● Exercise description
Make an exact copy of the listing, without images.

● Provided data
◆ ◆ ◆ ◆ ◆
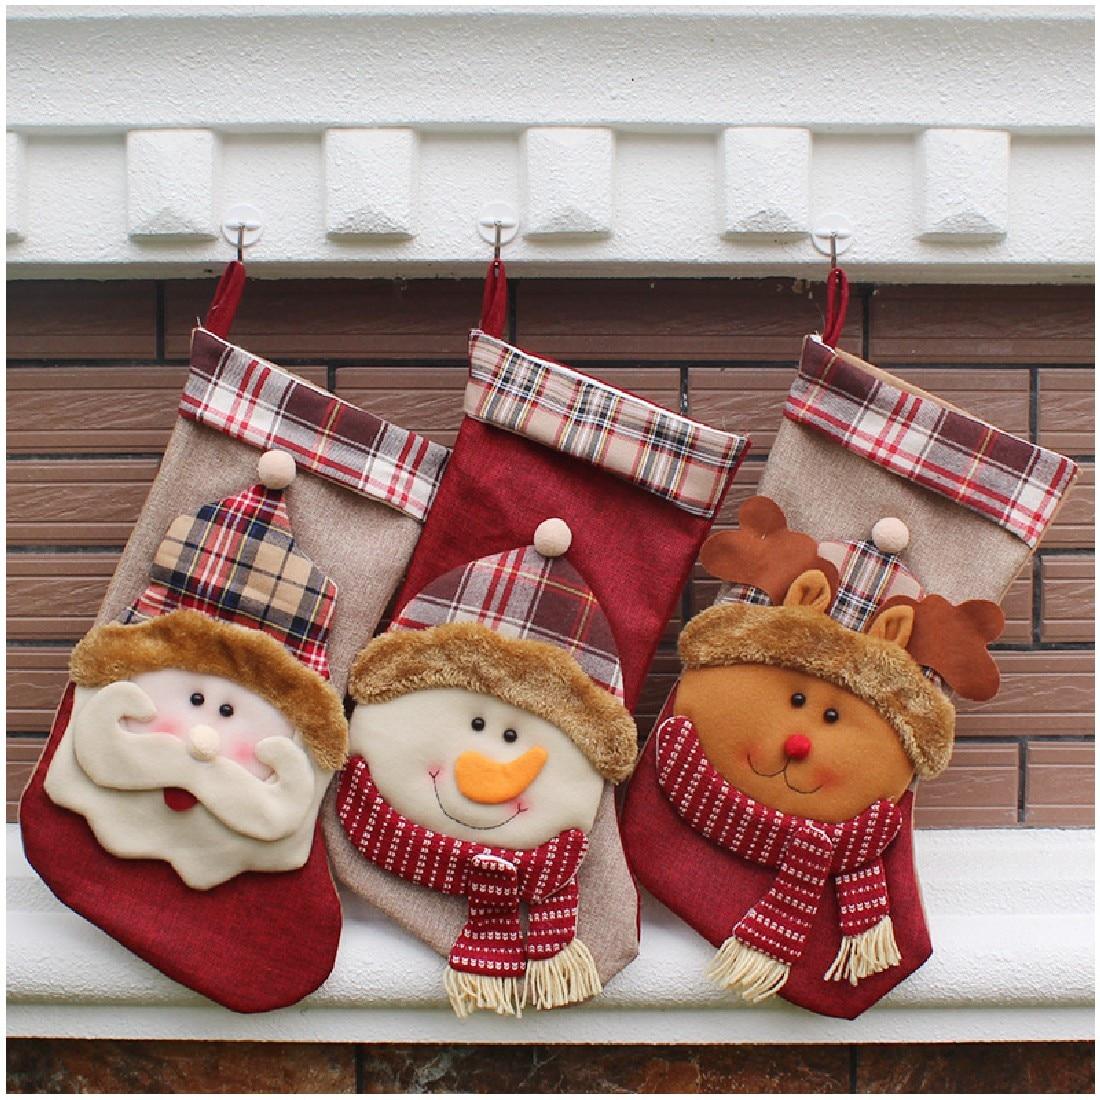 1pcs New Year 2016 Christmas Stockings Socks Santa Claus
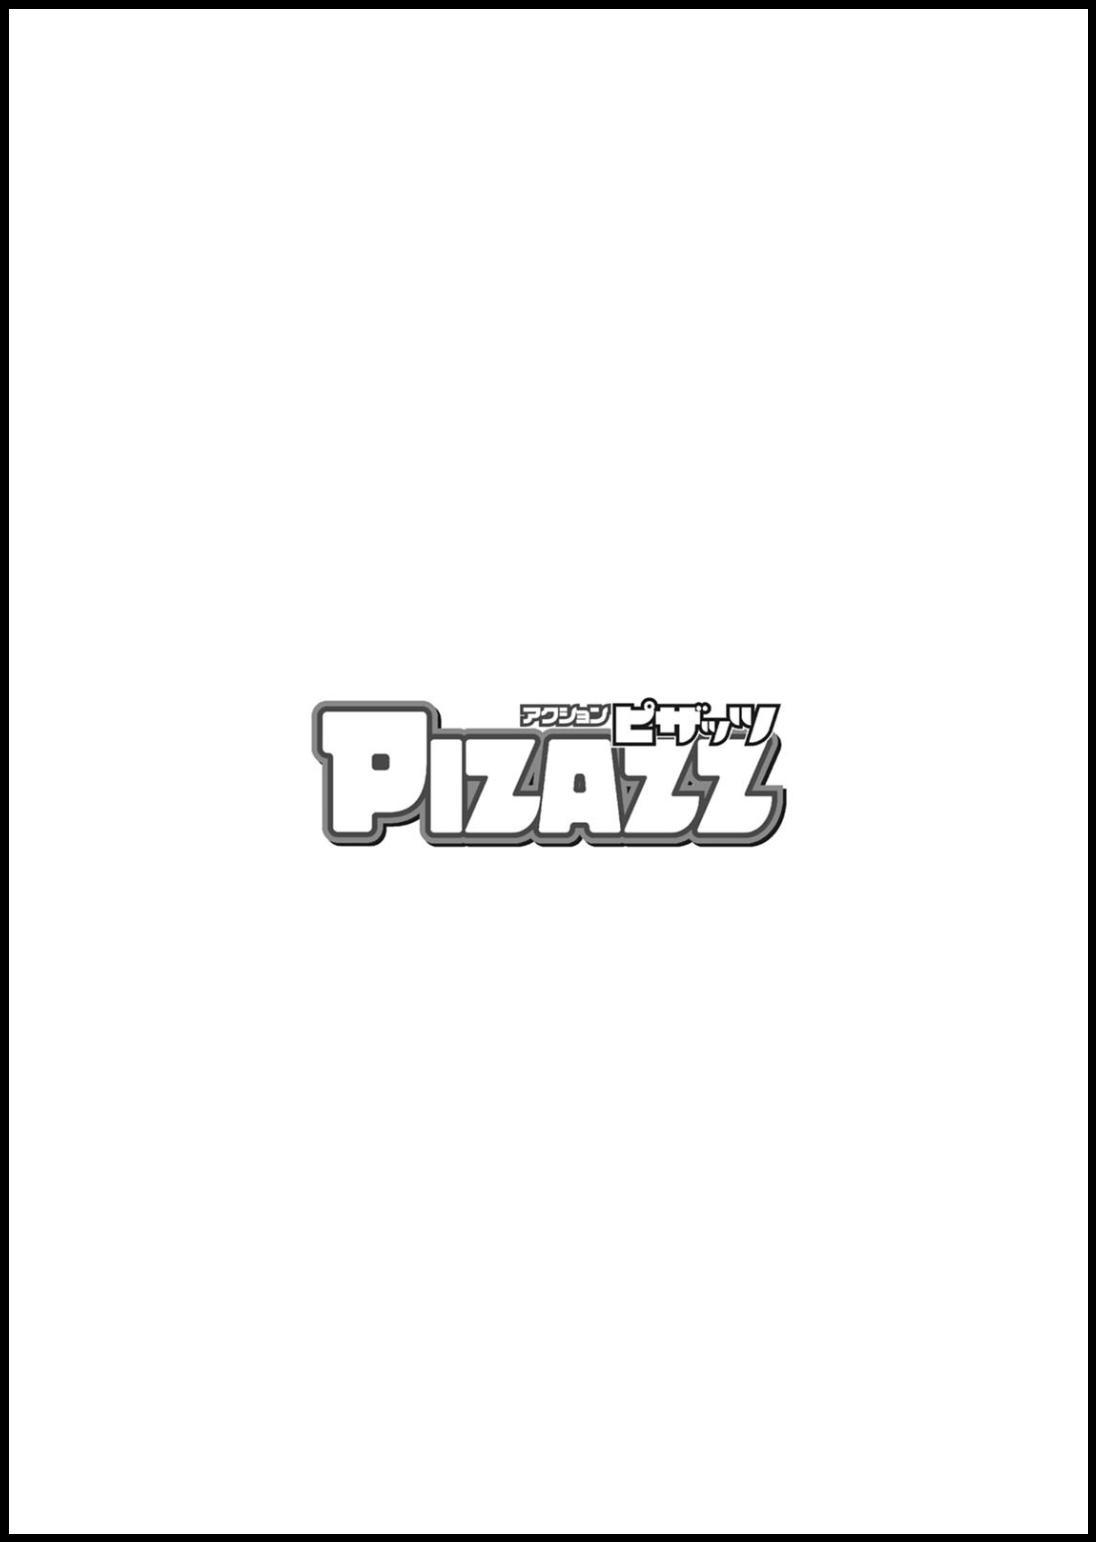 Action Pizazz 2020-05 365
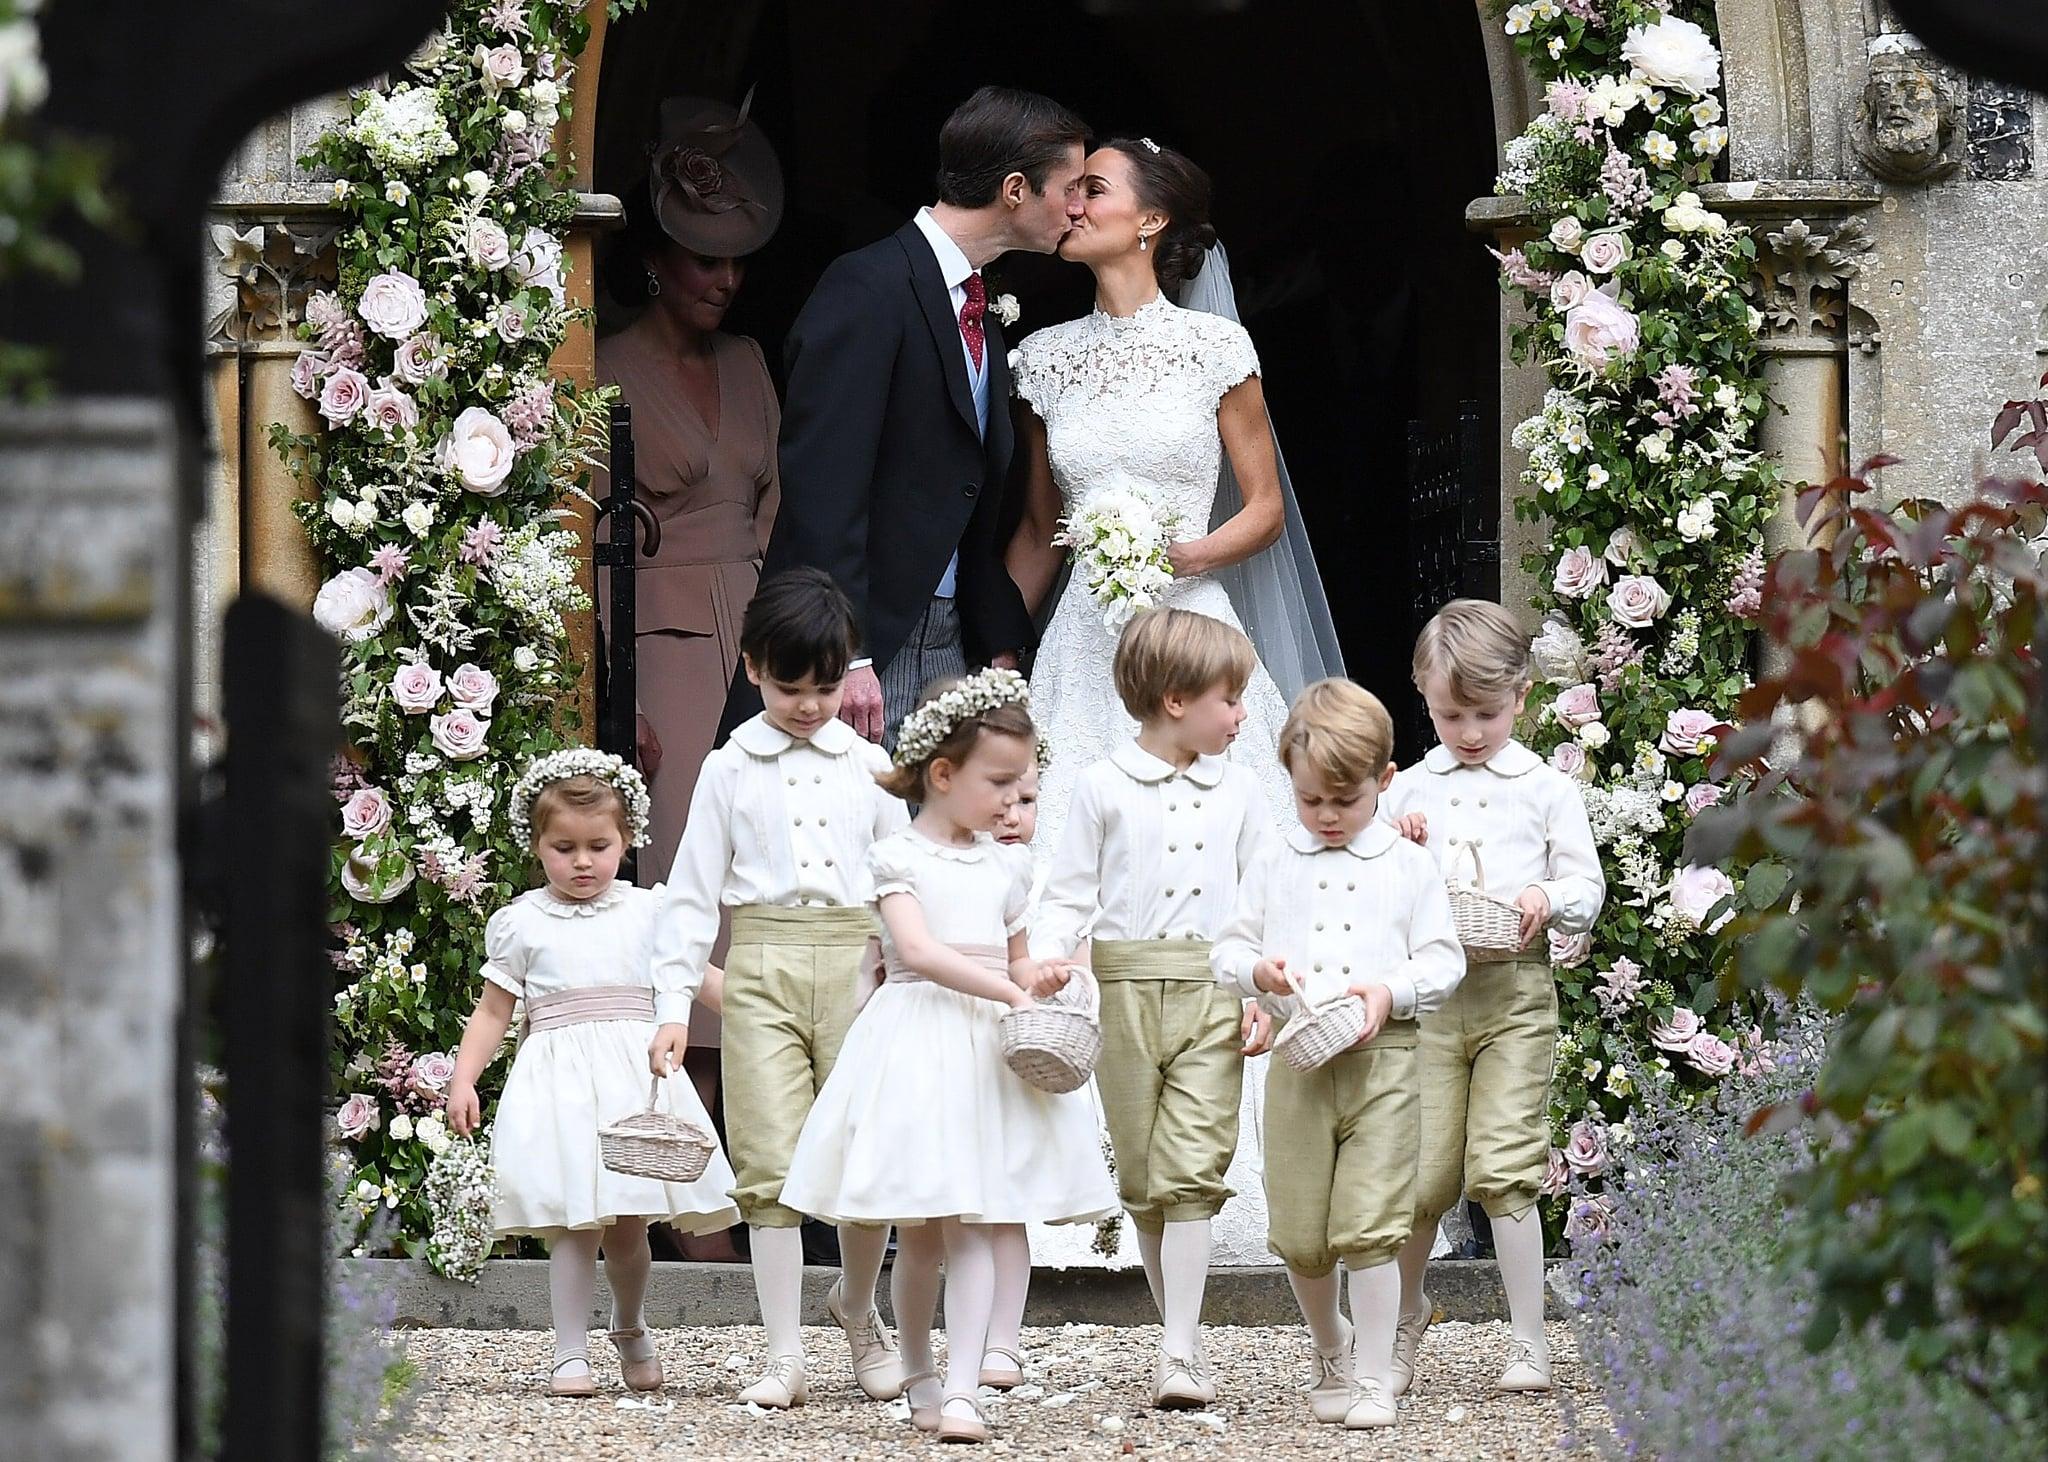 Pippa S Wedding.Who Was In Pippa Middleton S Wedding Party Popsugar Celebrity
◆ ◆ ◆ ◆ ◆
● Response area
 1pcs New Year 2016 Christmas Stockings Socks Santa Claus
 Action Pizazz 2020-05 365
 Pippa S Wedding.Who Was In Pippa Middleton S Wedding Party Popsugar Celebrity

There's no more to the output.